Exercise goal: Print the data exactly as written, line for line, and leave its pictures behind.

Data:

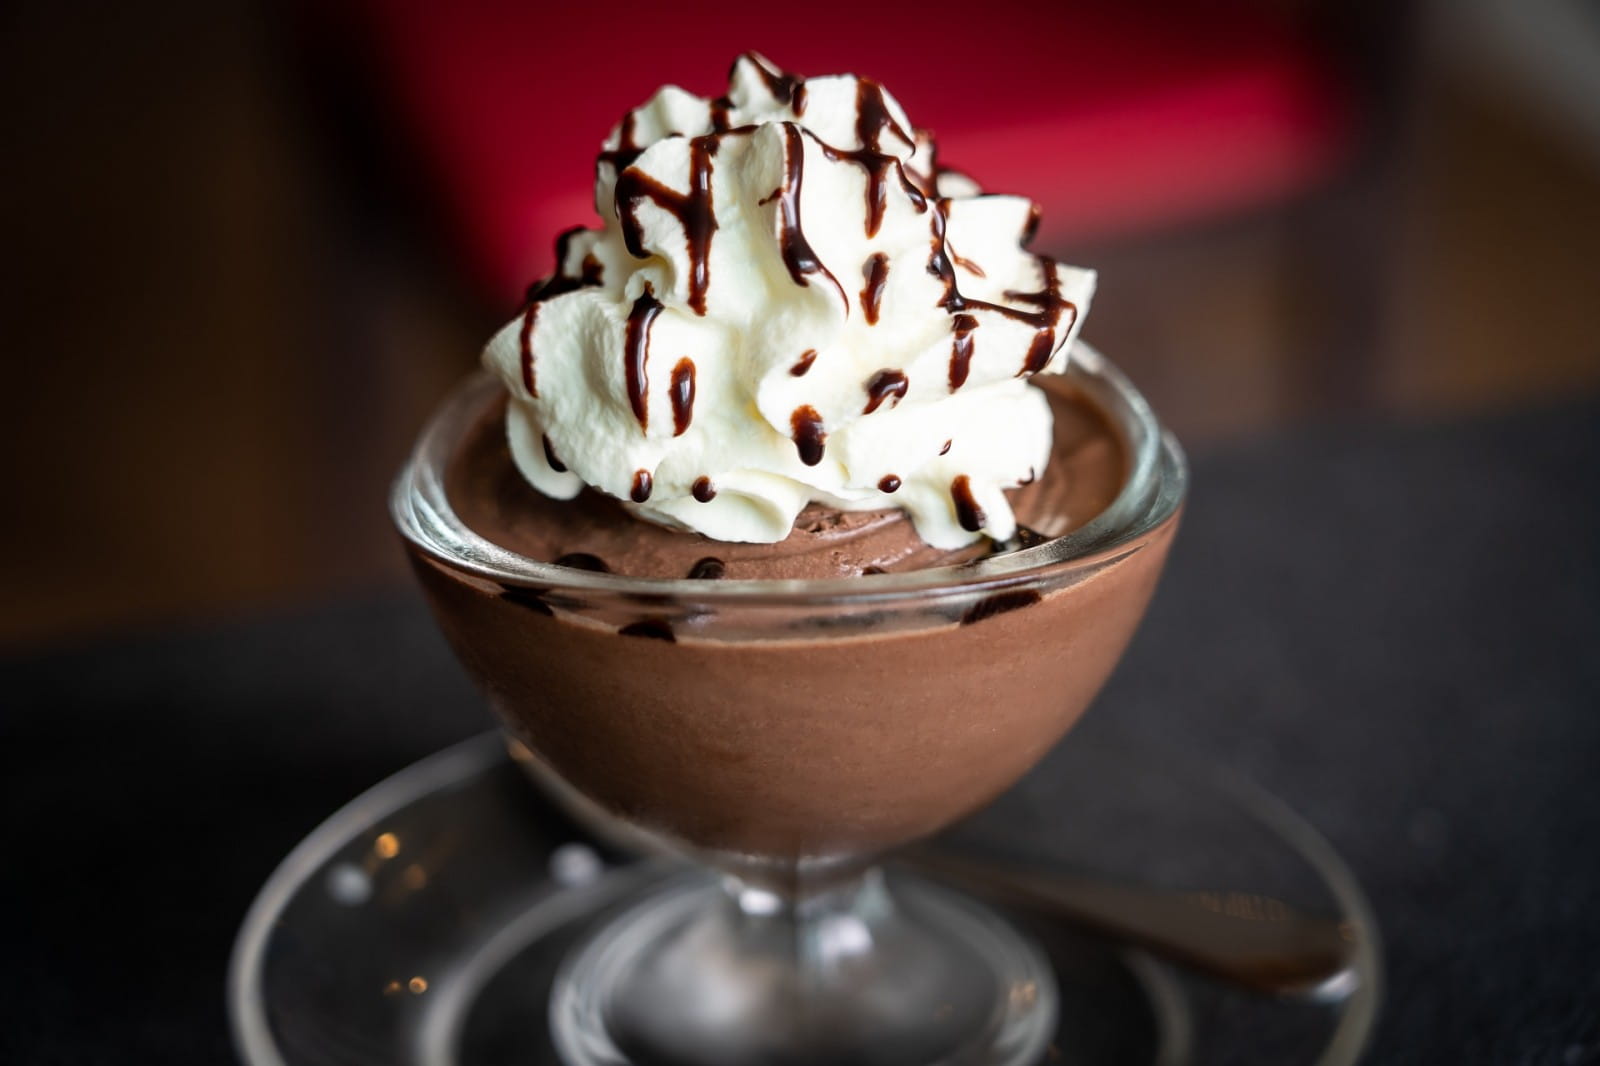 6 of the best matches for chocolate mousse
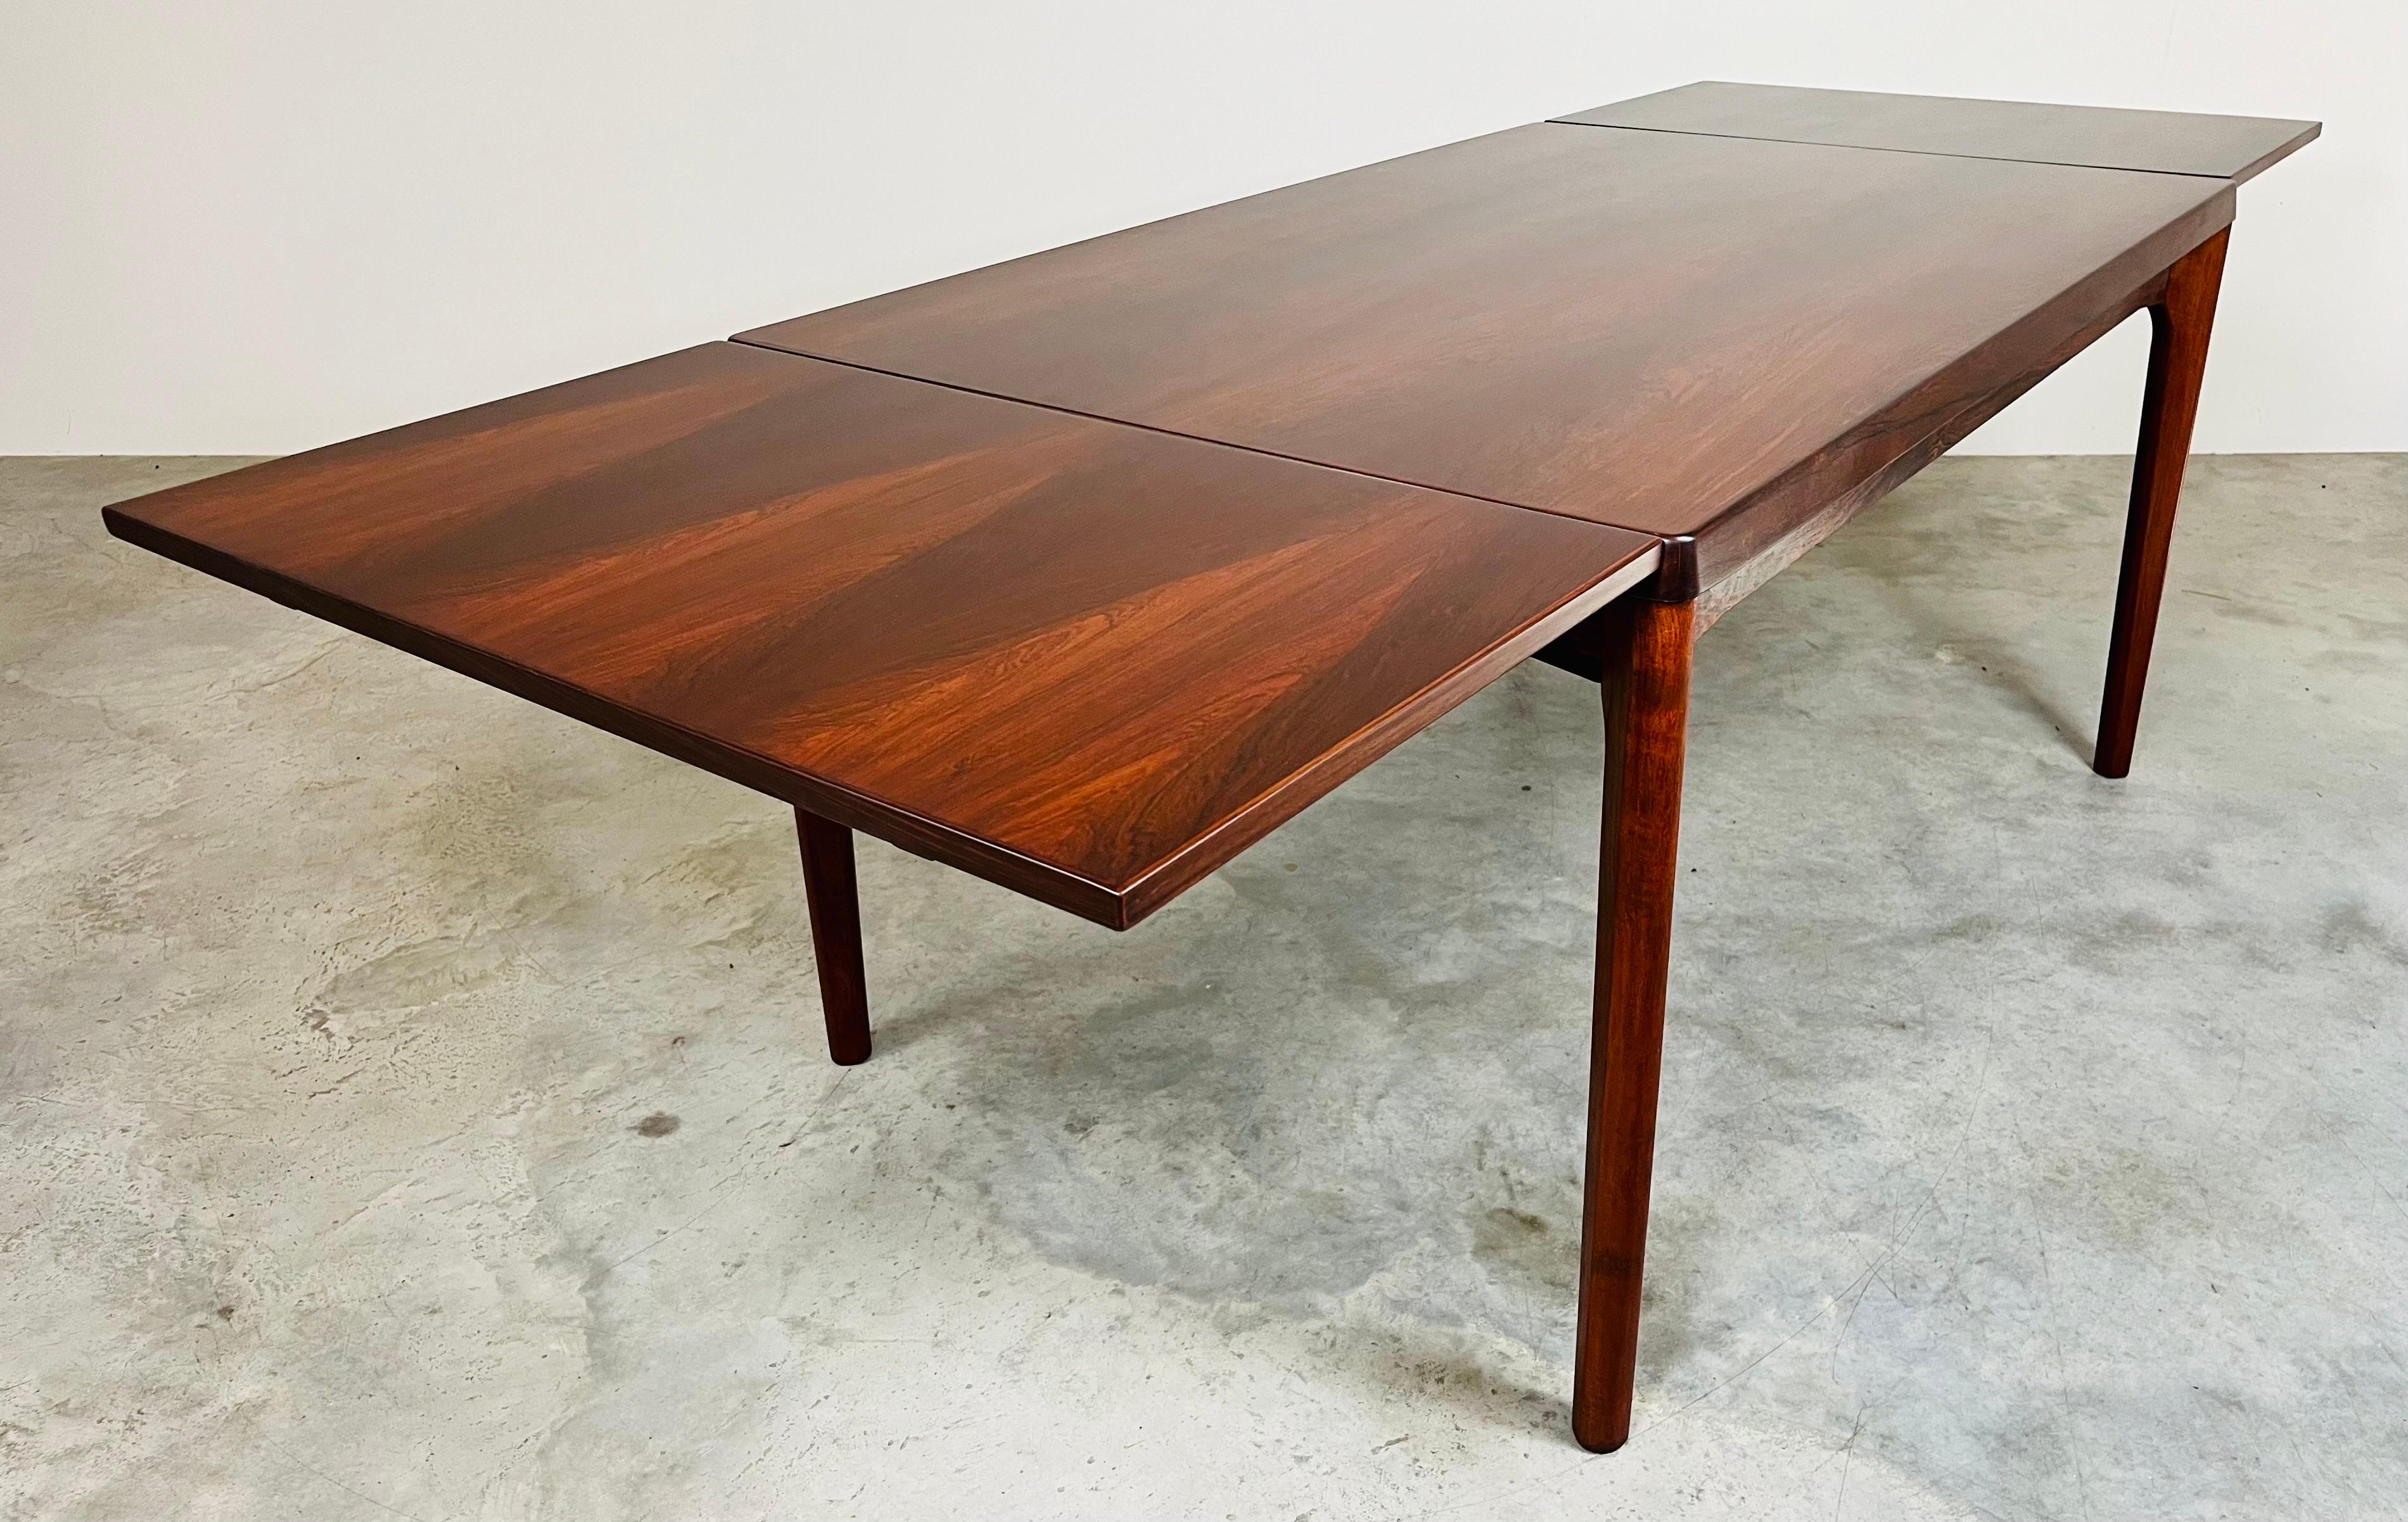 A beautiful rosewood dining table having self storing leaves by VEILE STOLE- og MOBELFABRIK. -Denmark circa 1970
In excellent condition having been masterfully refinished by one of the greatest woodworkers on the east coast Wayne Batten. Please

Solution to the exercise:
 6 of the best matches for chocolate mousse
 A beautiful rosewood dining table having self storing leaves by VEILE STOLE- og MOBELFABRIK. -Denmark circa 1970
In excellent condition having been masterfully refinished by one of the greatest woodworkers on the east coast Wayne Batten. Please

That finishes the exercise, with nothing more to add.